18. Партийный штрих

Болеслав Вольтер
Этот штрих в моей жизни растянулся более, чем на два десятилетия. Столько понадобилось лет, чтобы окончательно разобраться с коммунизмом и с КПСС. Начнем с начала.

 Когда отец вернулся из дальних принудительных сибирских странствий (1954г.), задал мне вопрос, почему я не вступаю в партию? Я ему ответил: «Пример твоей судьбы не вдохновляет меня на такой поступок». Он меня урезонил - это была трагическая ошибка и она исправлена. Отец простил партию за то, что та отняла у него 16 лет в самом расцвете жизненных сил. А мне не хотелось прощать. Ведь эта партия у нашей семьи изуродовала 16х4=64 года жизни. Конечно, мы были не самыми несчастными. У миллионов семей страдания были намного хлеще наших. Так разве можно это прощать?
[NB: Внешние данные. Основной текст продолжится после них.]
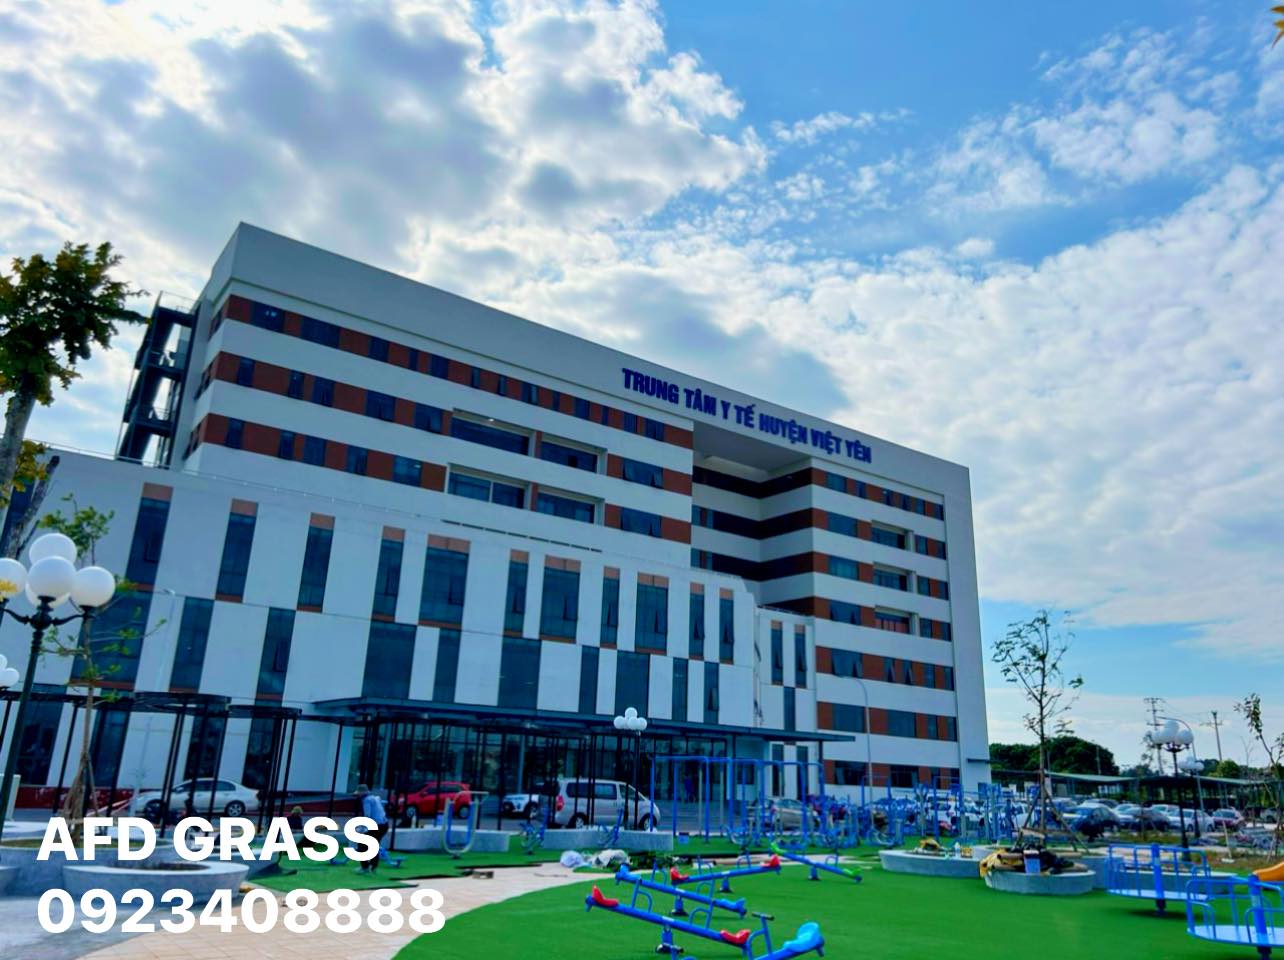 Thi công cỏ sân vườn tại Trung tâm Y tế huyện Việt Yên tỉnh Bắc Giang

 Хрущевская оттепель внушала надежду. Хотелось верить, что партия, осудив сталинские перегибы и преступления, станет другой. Реабилитация невинных жертв давала основания для такой веры, но основательно выкорчевывать сталиниаду Хрущев не стал. Разоблачая Сталина, он не отказался от коммунистической идеологии и тоталитарного правления.
 
 К вступлению в партию подталкивал меня и директор института Е.П.Стефани - большой для меня авторитет, и его заместитель Н.Н.Стрельников и другие, уважаемые мною сослуживцы. И в 1962г. подаю заявление о приеме в партию.
 Сразили меня не уговоры, а собственная мысль: «Если я хочу, чтоб не повторилось то, что осуждаю «до боли в кулаках», то мое место должно быть в партии, а не снаружи». Это не фразерство, это плод моих многолетних раздумий.
 
 1 9 6 3 г о д. Только что закончился кандидатский партийный стаж, и почти сразу я оказался секретарем партбюро института. Влетел в эту должность совершенно неожиданно. Никто не спрашивал моего согласия занять этот пост, а когда партбюро по указанию райкома проголосовало за меня, надо было подчиняться партийной дисциплине.

 Удовольствия от такой работы я не получал, но работал честно и во всю силу своих возможностей. Таким трудом пытался помогать моему родному институту.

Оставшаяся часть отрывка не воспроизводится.